WARNING:tensorflow:Unresolved object in checkpoint: (root).model._feature_extractor._bifpn_stage.node_input_blocks.7.0.1.1.gamma
W0326 09:24:46.180965 16300 util.py:160] Unresolved object in checkpoint: (root).model._feature_extractor._bifpn_stage.node_input_blocks.7.0.1.1.gamma
WARNING:tensorflow:Unresolved object in checkpoint: (root).model._feature_extractor._bifpn_stage.node_input_blocks.7.0.1.1.beta
W0326 09:24:46.180965 16300 util.py:160] Unresolved object in checkpoint: (root).model._feature_extractor._bifpn_stage.node_input_blocks.7.0.1.1.beta
...
WARNING:tensorflow:A checkpoint was restored (e.g. tf.train.Checkpoint.restore or tf.keras.Model.load_weights) but not all checkpointed values were used. See above for specific issues. 

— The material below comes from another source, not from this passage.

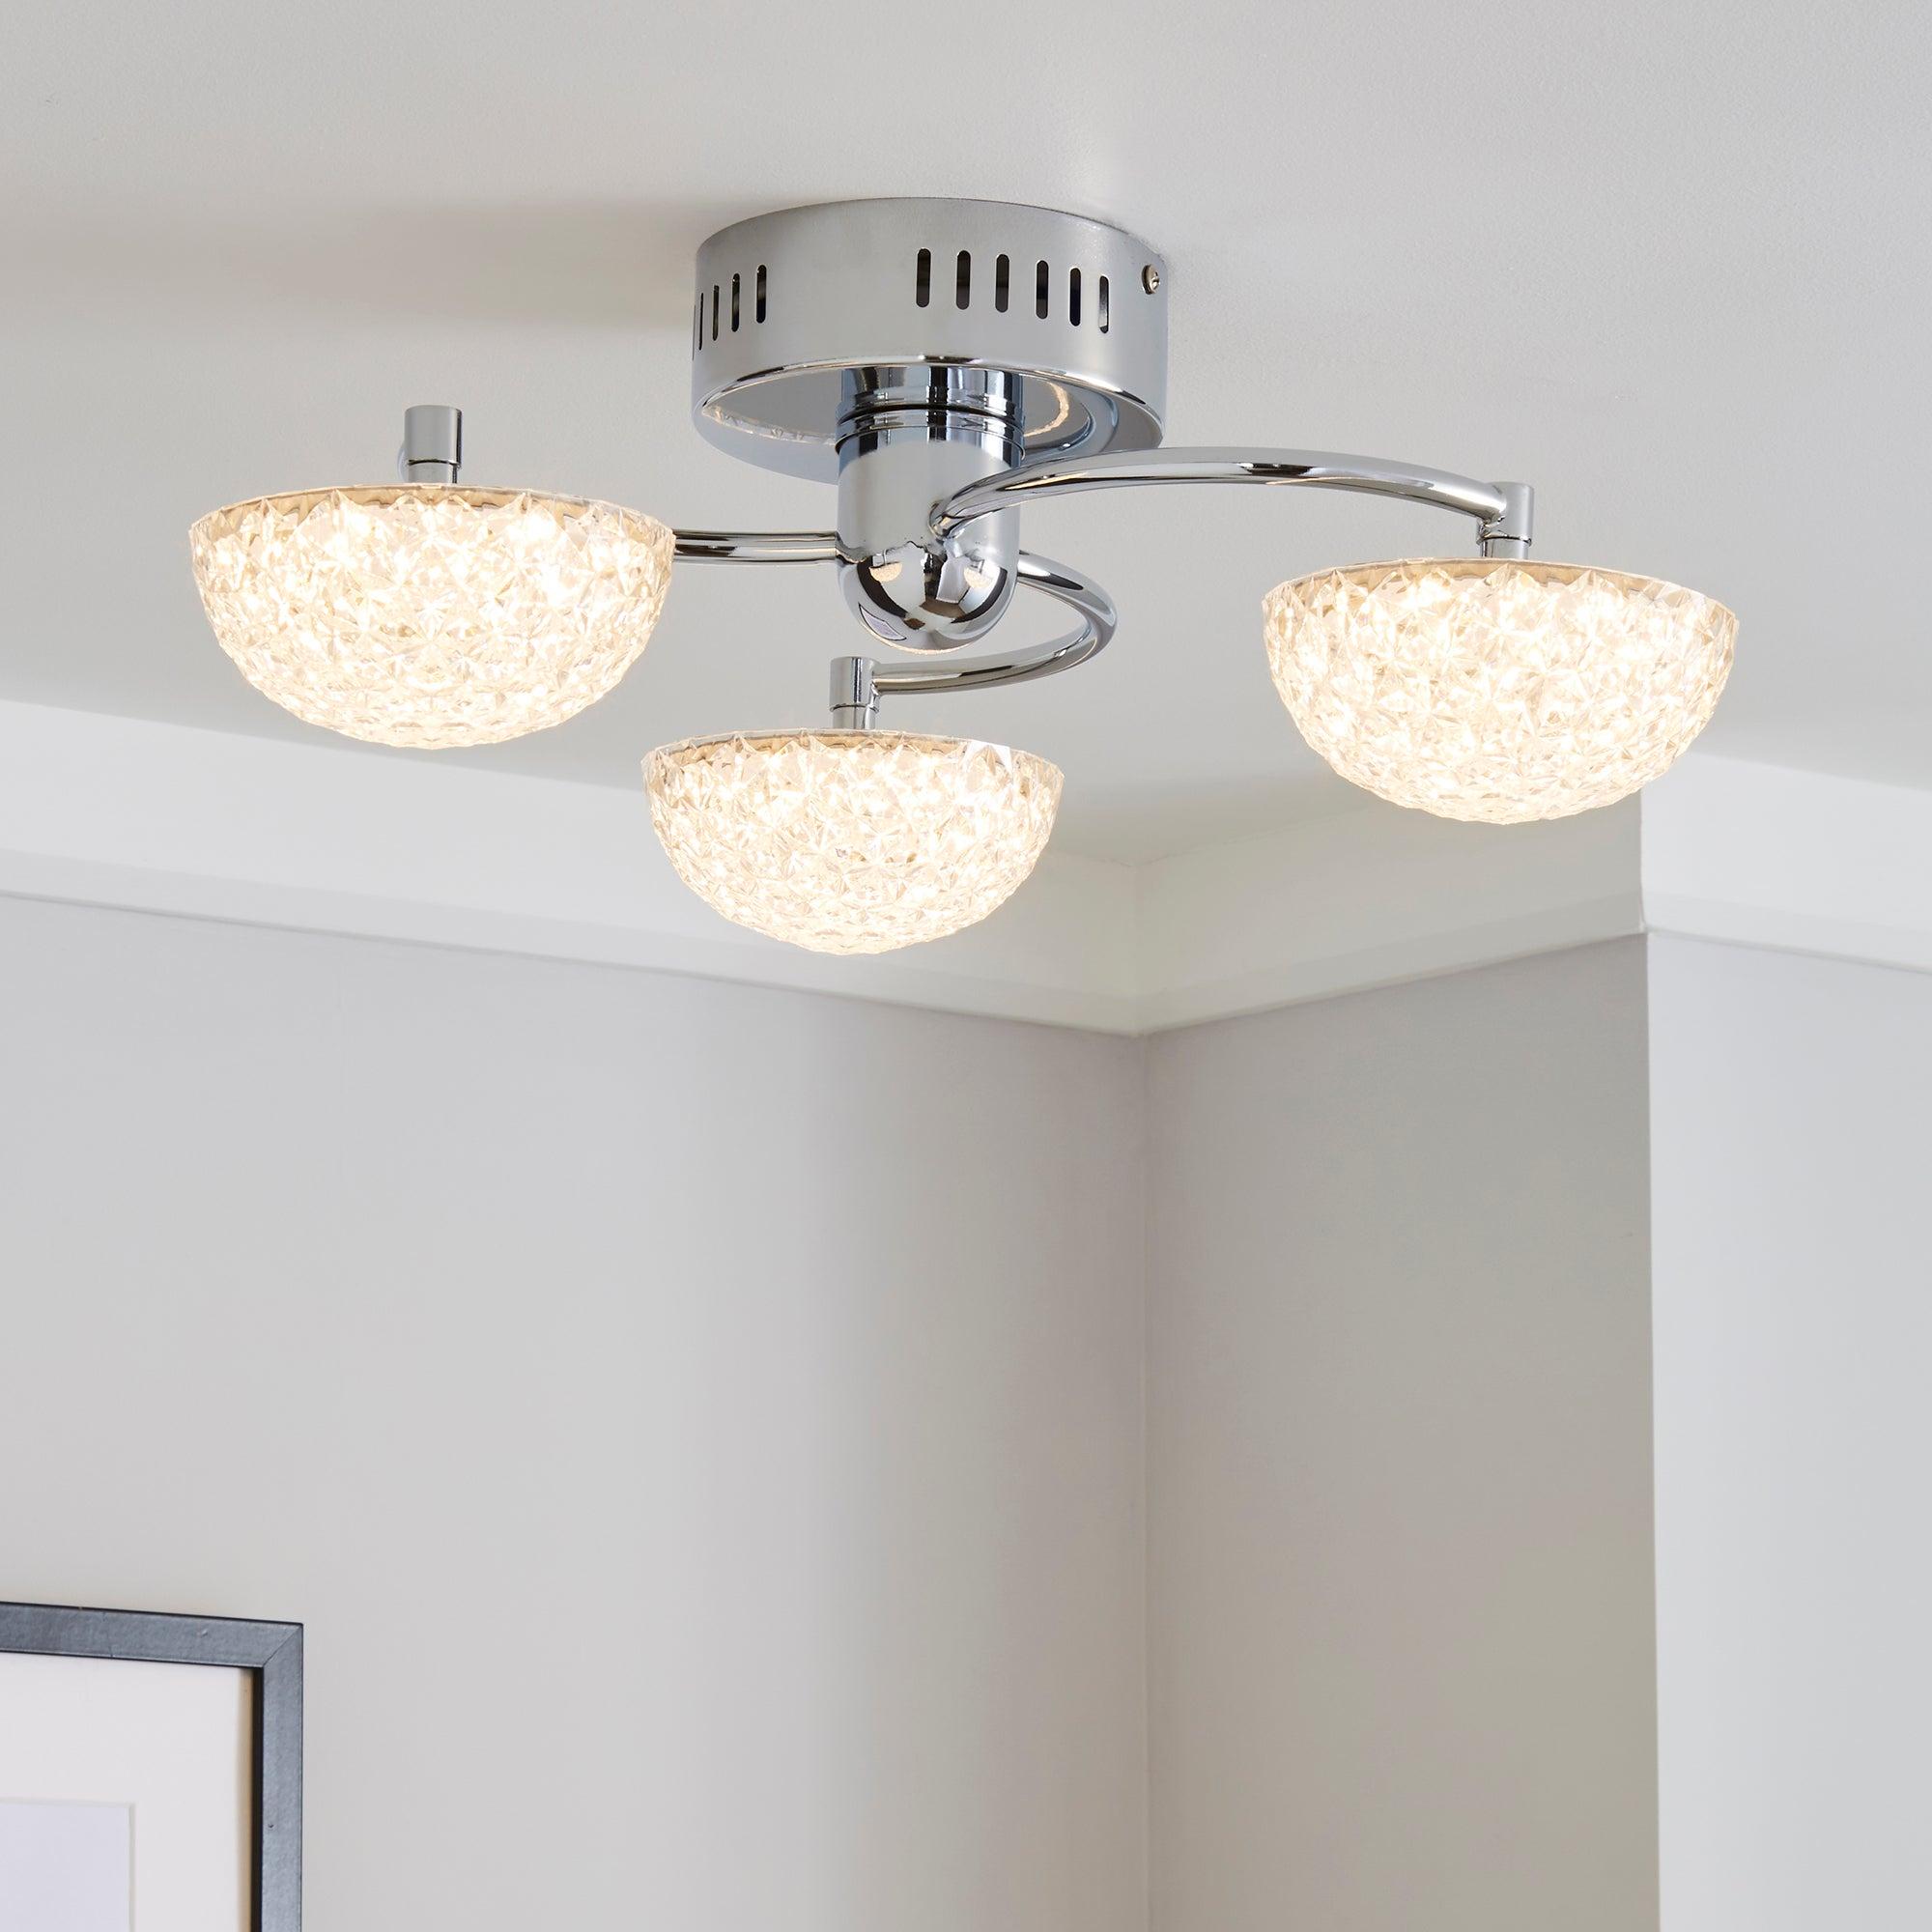 Dunelm Brodie 3 Light LED Chrome Semi-Flush Ceiling Fitting Chrome

Use expect_partial() on the load status object, e.g. tf.train.Checkpoint.restore(...).expect_partial(), to silence these warnings, or use assert_consumed() to make the check explicit. See https://www.tensorflow.org/guide/checkpoint#loading_mechanics for details.
W0326 09:24:46.181965 16300 util.py:168] A checkpoint was restored (e.g. tf.train.Checkpoint.restore or tf.keras.Model.load_weights) but not all checkpointed values were used. See above for specific issues. 
Use expect_partial() on the load status object, e.g. tf.train.Checkpoint.restore(...).expect_partial(), to silence these warnings, or use assert_consumed() to make the check explicit. See https://www.tensorflow.org/guide/checkpoint#loading_mechanics for details.

Solution

  • There is a GitHub issue here with many possible solutions being discussed for different types of TensorFlow 2 models for your problem. There's a good chance one of them would help.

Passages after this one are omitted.